§ Your objective
Would you reproduce exactly, and only, the lines starting at the one with "Guatemaltekische Volk, Geflügel" and ending at the last line of the data, with both included? Leave the pictures out.

§ Supplied data
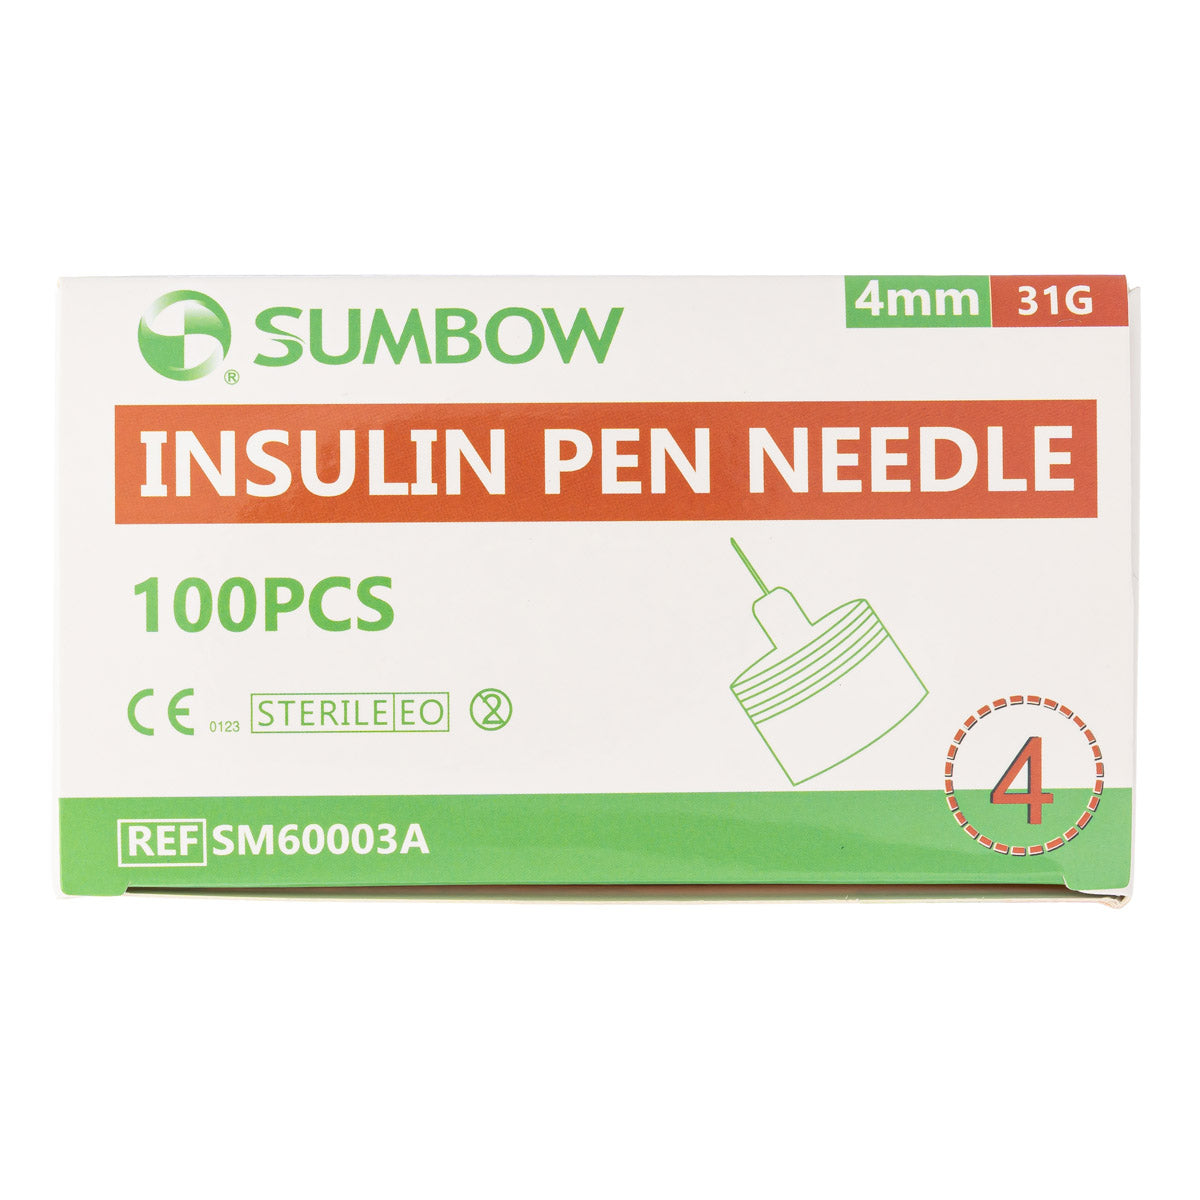 NOVO NORDISK NovoFine Pen needles 32G x 6mm 100 pcs
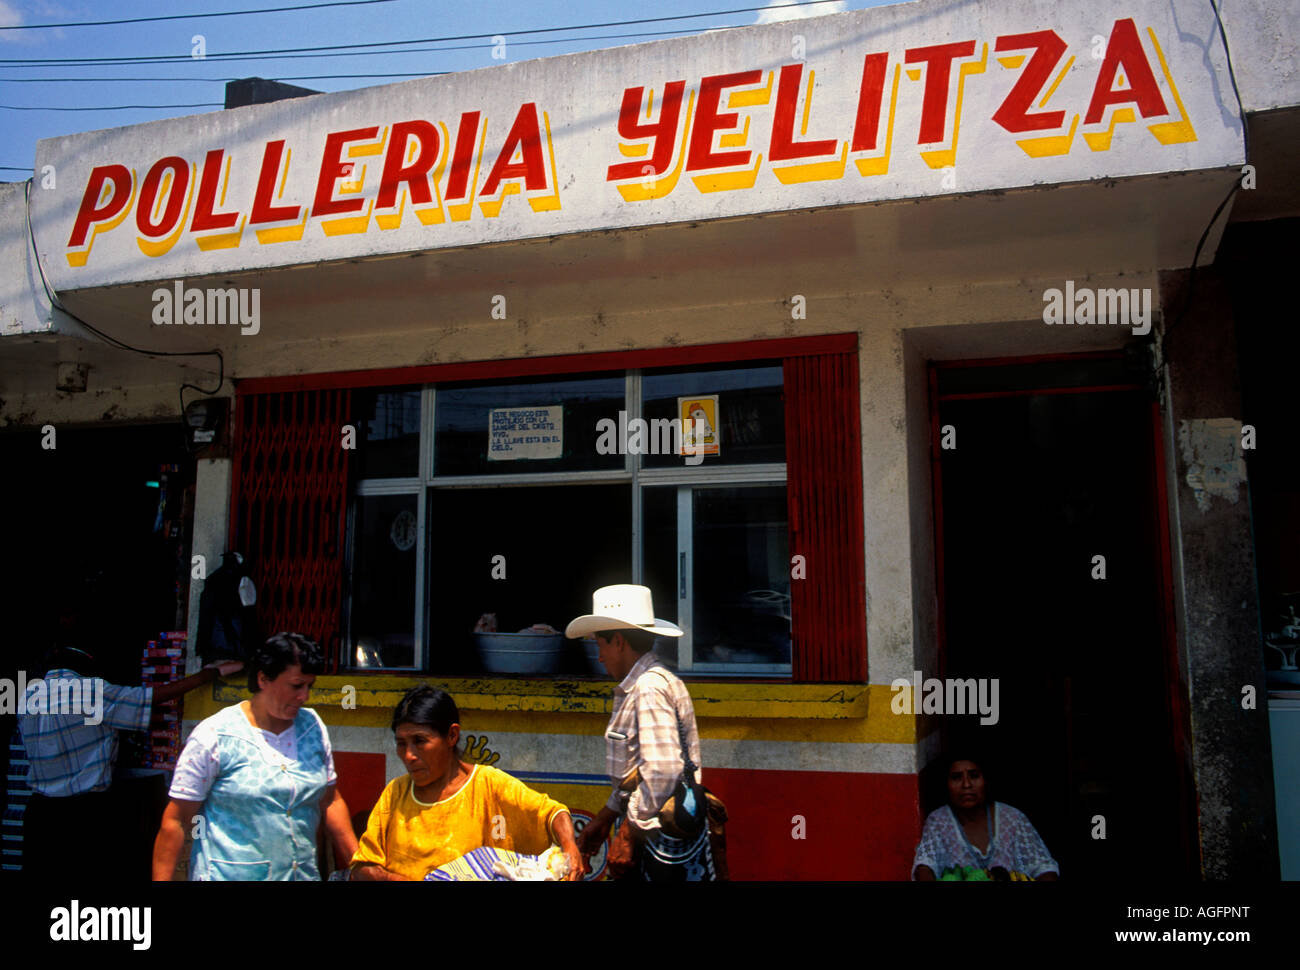 Guatemaltekische Volk, Geflügel store, Shop, Tienda, Polleria Yelitza, Amir Chupan, Alta Verapaz, Alta Verapaz, Guatemala, Mittelamerika Stockfoto
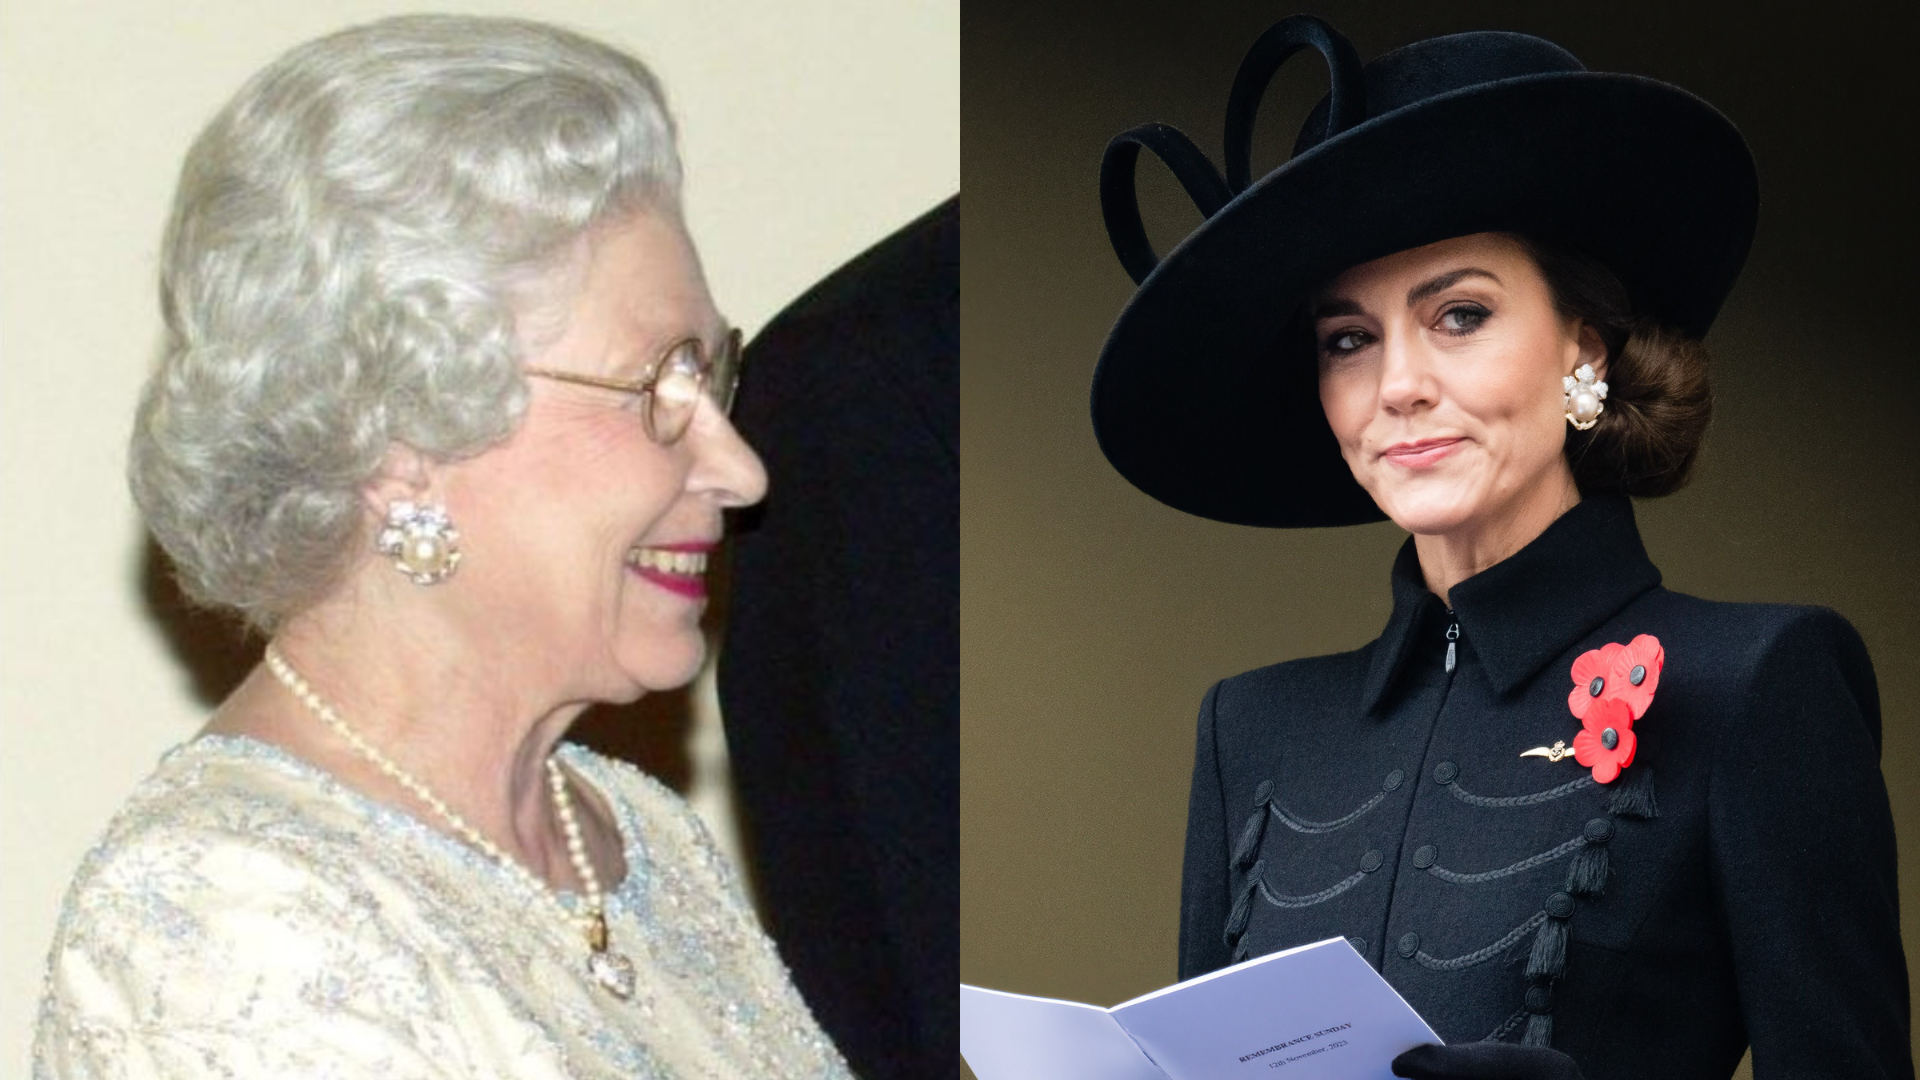 Công nương Kate Middleton và bộ sưu tập trang sức độc quyền, được thừa hưởng từ Nữ hoàng Elizabeth II

§ Answer box
 Guatemaltekische Volk, Geflügel store, Shop, Tienda, Polleria Yelitza, Amir Chupan, Alta Verapaz, Alta Verapaz, Guatemala, Mittelamerika Stockfoto
 Công nương Kate Middleton và bộ sưu tập trang sức độc quyền, được thừa hưởng từ Nữ hoàng Elizabeth II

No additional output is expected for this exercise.